So how whiney is it to admit that, in the midst of my birthday month, with my friends and family all around me, social events galore behind me and sxsw and a wedding coming before me, I have never felt as alone as I have in the past few weeks? Cooped up in my apartment for over a week, sick with a cough that makes me unwilling to inflict my presence on anyone else, I stay inside and hack away, playing countless games of solitaire and wondering how to deal with the dust bunnies I discovered under my bed.

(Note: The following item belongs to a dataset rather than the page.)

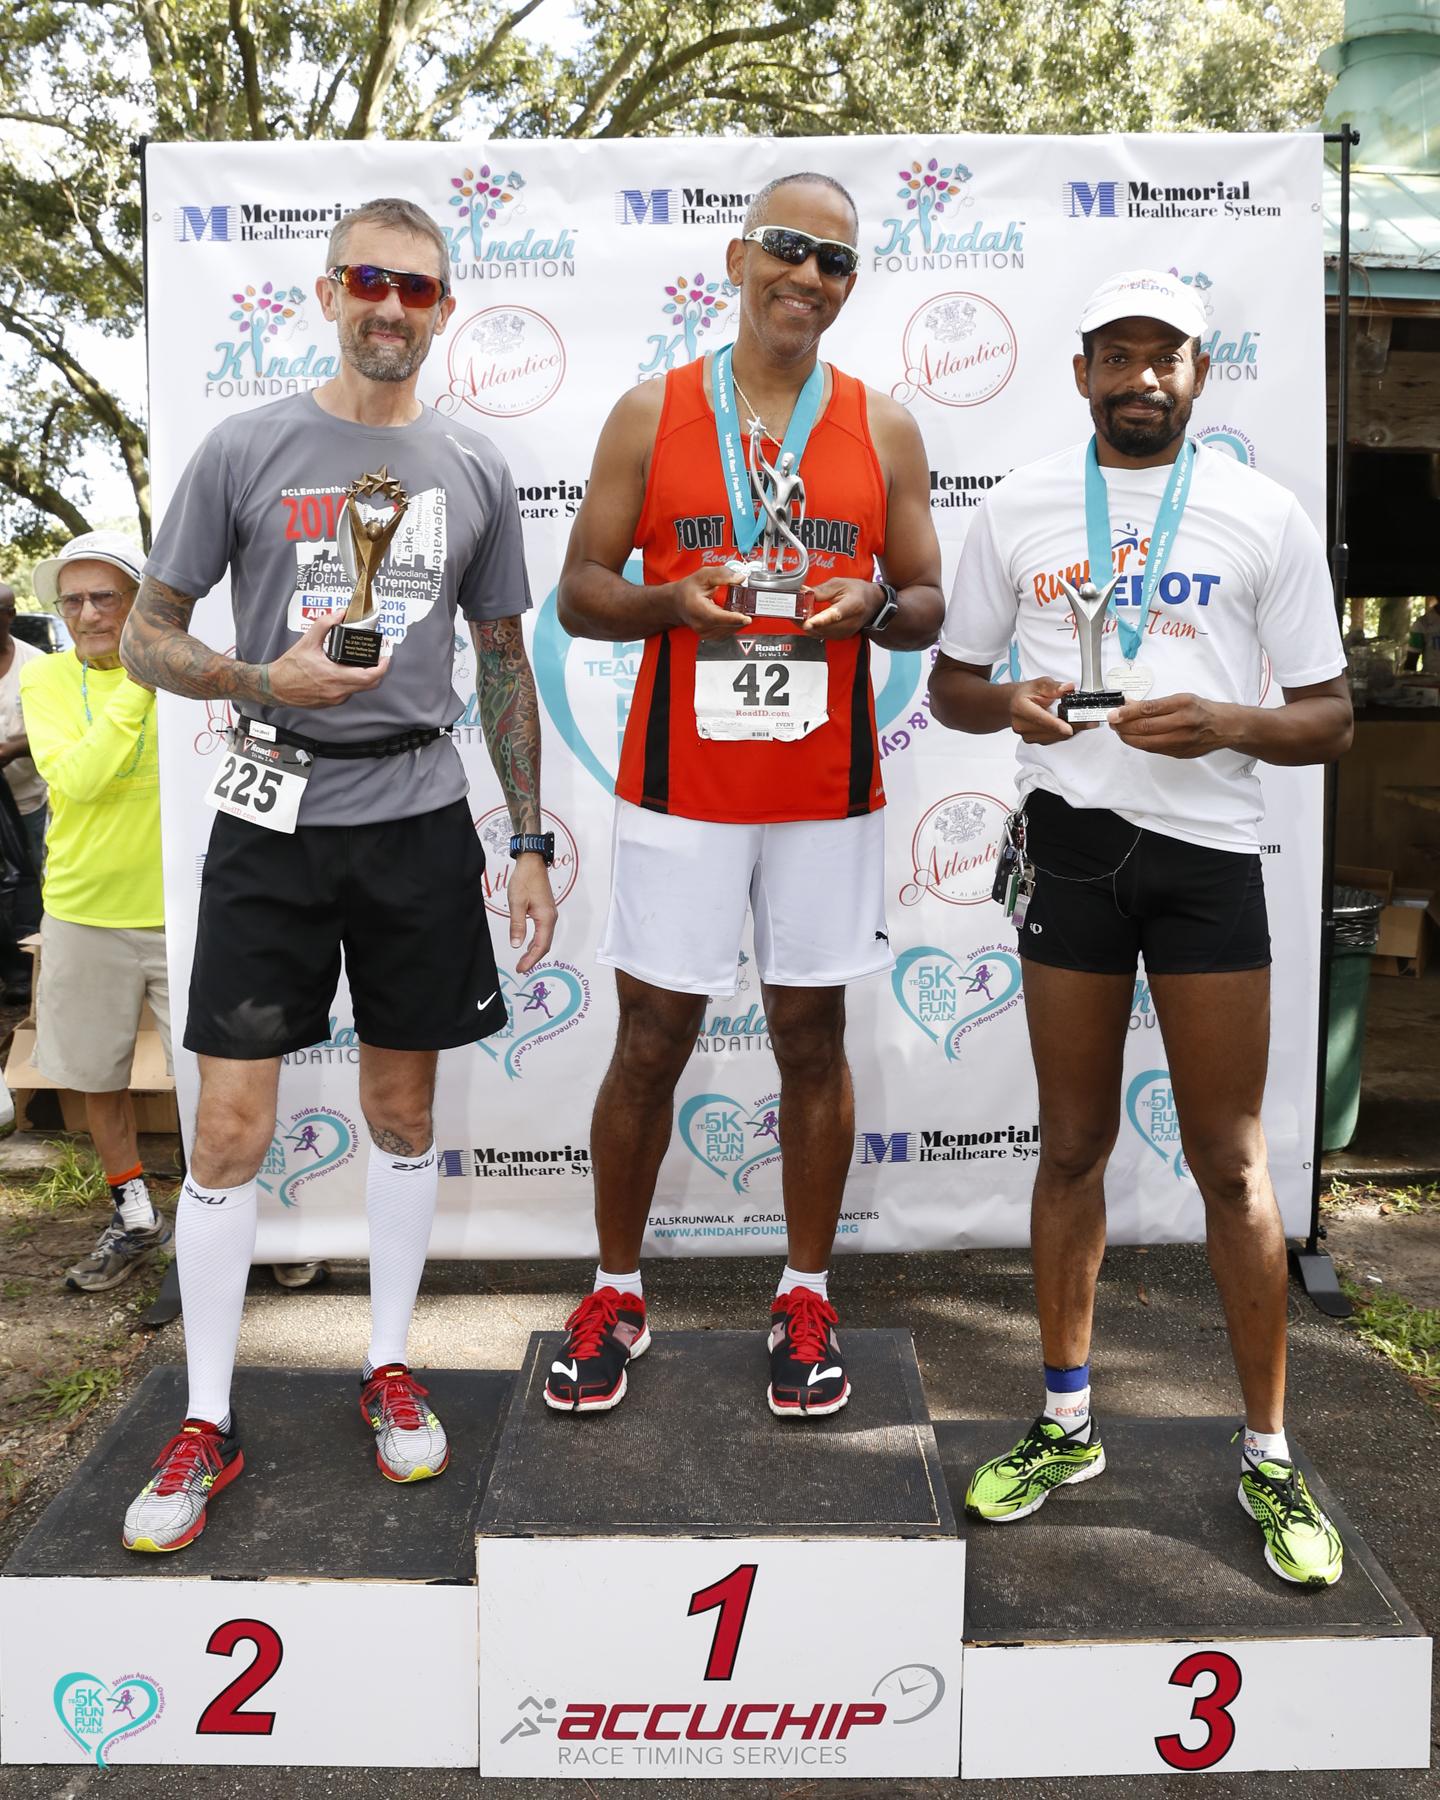 KF 0813 - Florida Teal 5K Run/ Fun Walk 2016

To some extent, it's been fairly depressing. On the other hand, loneliness has given me the opportunity to find out whether I can live with myself, and it turns out I can. I know now that I can go to the movies alone. I've made quite a bit of headway with the Scarf That Won't End. If this lasts much longer, I might even get my grandmother's photos scanned and give back the albums that I've had for the past 3 years.
It's made me think about what I'm doing with my life, as I appear to have reached 'contented' and stopped growing altogether. School isn't a challenge I am interested in tackling. So where else do I turn to evolve? Volunteering? I've tried that, and no matter how much it satisfies my sense of doing good for others, I still feel temporary and unincluded.
I question the bonds I have created with my friends. I suppose I should take comfort that I can have such good friends, and really, I have the best in the world, but I hardly ever see them. We appear to be able to maintain our relationships without the benefit of a lot of physical contact. Like my grandmother has told me time and again, if you don't write letters to others, they won't write to you. I'm taking this to mean that I need to reach out before others will reach out to me, but this is where I get petty and wonder why I always have to be the one reaching (not entirely true, hi Suzan!). Eh.
It's all a phase, and soon enough I'll be wondering where my spare time went and how could anyone feel lonely with my friends. I hope that by that time, I can speak and laugh without breaking to cough up a lung, but I wouldn't keep my fingers crossed. Codeine is my friend in the meantime. Mmmmmm, coooodeeeeeiiiine.
Completely off-topic, I told everyone I encountered after I first saw Hero that it was such a beautiful movie that I could enjoy it just as much without the sound and subtitles. Months later, on a long flight and unwilling to pay for headphones, I got to test that theory and it turns out I was right. I just watched it for a third time (keeping the sound/subtitles on, of course) (thanks dad!), and it truly is a work of art. Hard to knit and watch a foreign movie, though. I managed.